Before the Offer: Setting the Stage
Know Your Number Before Any Conversation Starts
Go into every hiring process with three numbers: your target (what you actually want), your walk-away (the minimum you'd accept), and your anchor (the first number you'll say out loud, set deliberately higher than your target). Without these, you're negotiating blind.
Use Levels.fyi, Glassdoor, Payscale, and LinkedIn Salary to benchmark. For senior roles, ask peers confidentially what they earn — this is legal, normal, and one of the most accurate data sources available.
Delay Giving a Number as Long as Possible
When asked "What are your salary expectations?" early in the process, the correct answer is to redirect: "I'm still learning about the full scope of the role — can you share the budgeted range?" In most states, employers are now required to disclose salary ranges. Use this.
If you must give a number, give a range with your target at the low end.

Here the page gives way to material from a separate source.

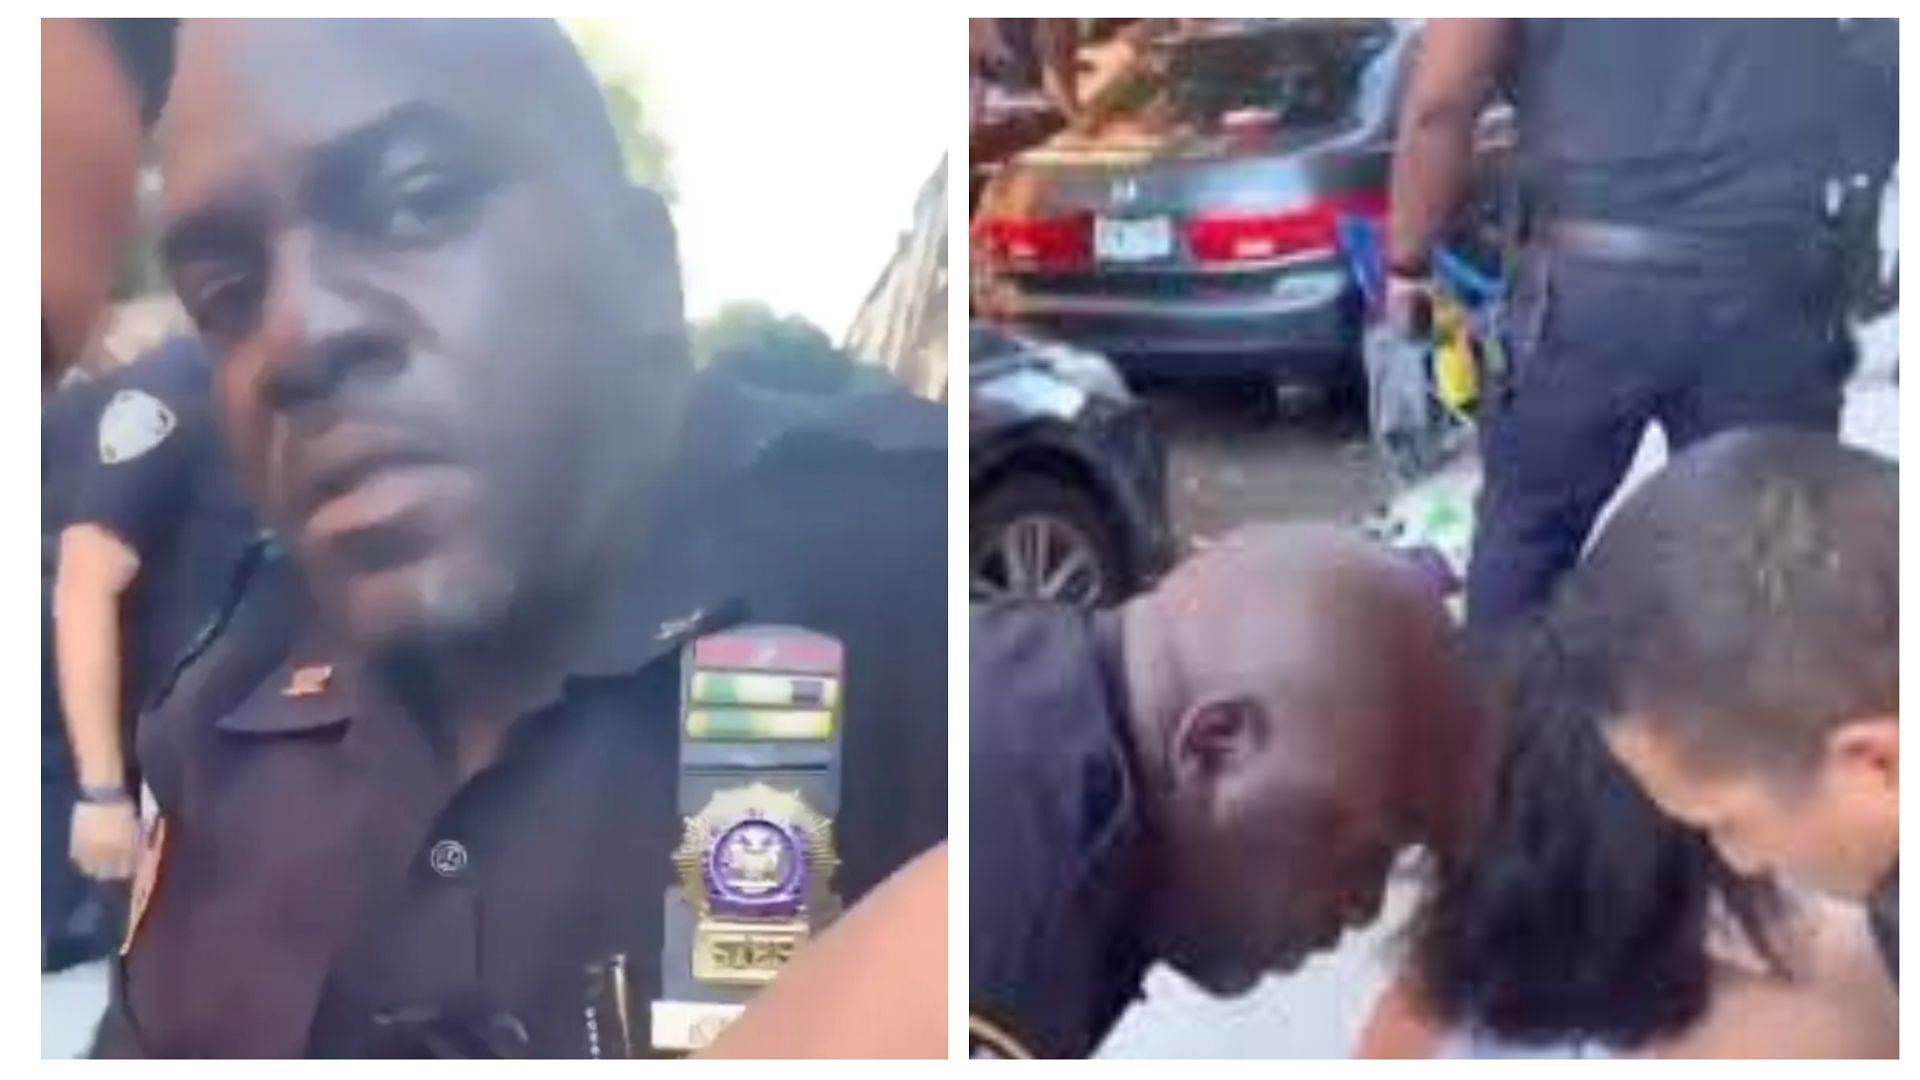 Watch Video Showing Nypd Officer Punching Woman During Arrest Goes Viral Online 
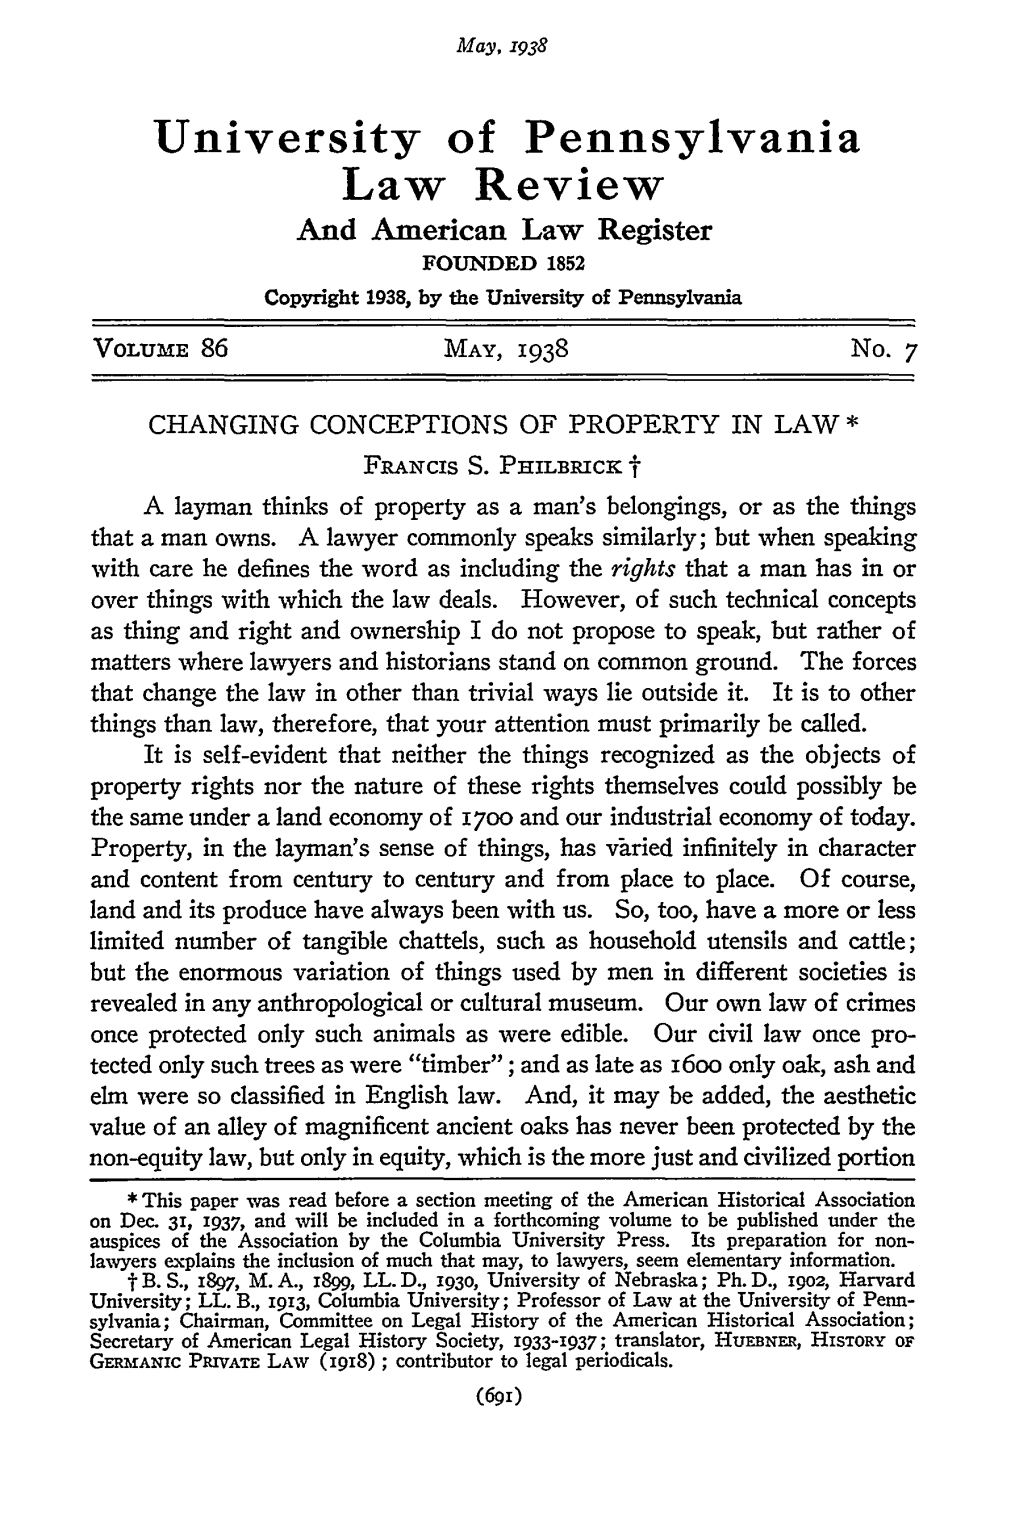 CHANGING CONCEPTIONS of PROPERTY in LAW * Francis S

If you say $90K–$100K, you've told them $90K is acceptable. Set the floor where you actually want to land.
Whichever number is said first tends to anchor the negotiation. Whoever names a number first usually loses ground. Get them to name the range first whenever possible — it costs them nothing to share it and tells you exactly where you stand.
When the Offer Comes In
Never Accept on the Spot
No matter how good the offer sounds, say: "Thank you — I'm really excited about this. Can I have until [specific date] to review everything?" Two to three business days is standard and always granted. Use that time to evaluate the full package, not just base salary.
Verbal acceptances are often treated as binding even when they aren't. Get everything in writing before you accept anything.
Counter With Confidence, Not Apology
The single most effective counter script: "Thank you for the offer — I'm genuinely excited about the role and the team. Based on my research and experience, I was targeting [anchor number]. Is there flexibility to get closer to that?"
That's it. No justification essay. No apology. No "I know this might be a lot but..." — hedging signals weakness. State the number, stop talking, and let the silence do the work.
Negotiate the Full Package, Not Just Base
If they can't move on base salary, everything else is negotiable: signing bonus, equity, PTO, remote work flexibility, title, start date, professional development budget, equipment stipend, performance review timing. A $10K signing bonus is real money even if base is fixed.
Always ask: "Is there anything else in the package that has more flexibility?" You will be surprised how often the answer is yes.
Use Competing Offers Ethically
If you have another offer, it's one of your strongest tools. "I want to be transparent — I have a competing offer at [range]. [Company] is my first choice, but I need the compensation to be competitive." This is honest, professional, and highly effective.
Never fabricate a competing offer. Hiring managers sometimes ask for documentation, and getting caught in a lie ends the offer and your reputation in that network immediately.
Handling Pushback
"That's the Maximum for This Level"
Response: "I understand — can you help me understand the path to [target number]? Is there a performance review in the first 6 months, or an opportunity to revisit compensation after I've been able to demonstrate impact?" You've shifted the conversation from no to when.
"We Don't Negotiate"
Some companies — often larger ones with rigid band structures — genuinely don't move on base. In that case, shift immediately to non-salary components: "Understood — is there flexibility on the signing bonus or equity?" They almost always have room there even when base is locked.
The Silence After Your Counter
After you name your number, stop talking. The next person who speaks loses leverage. Most people fill the silence with qualifications and walk-backs before the recruiter has even responded. Say your number. Wait. Let them respond.
This is uncomfortable. Do it anyway. The discomfort is temporary; the extra compensation is not.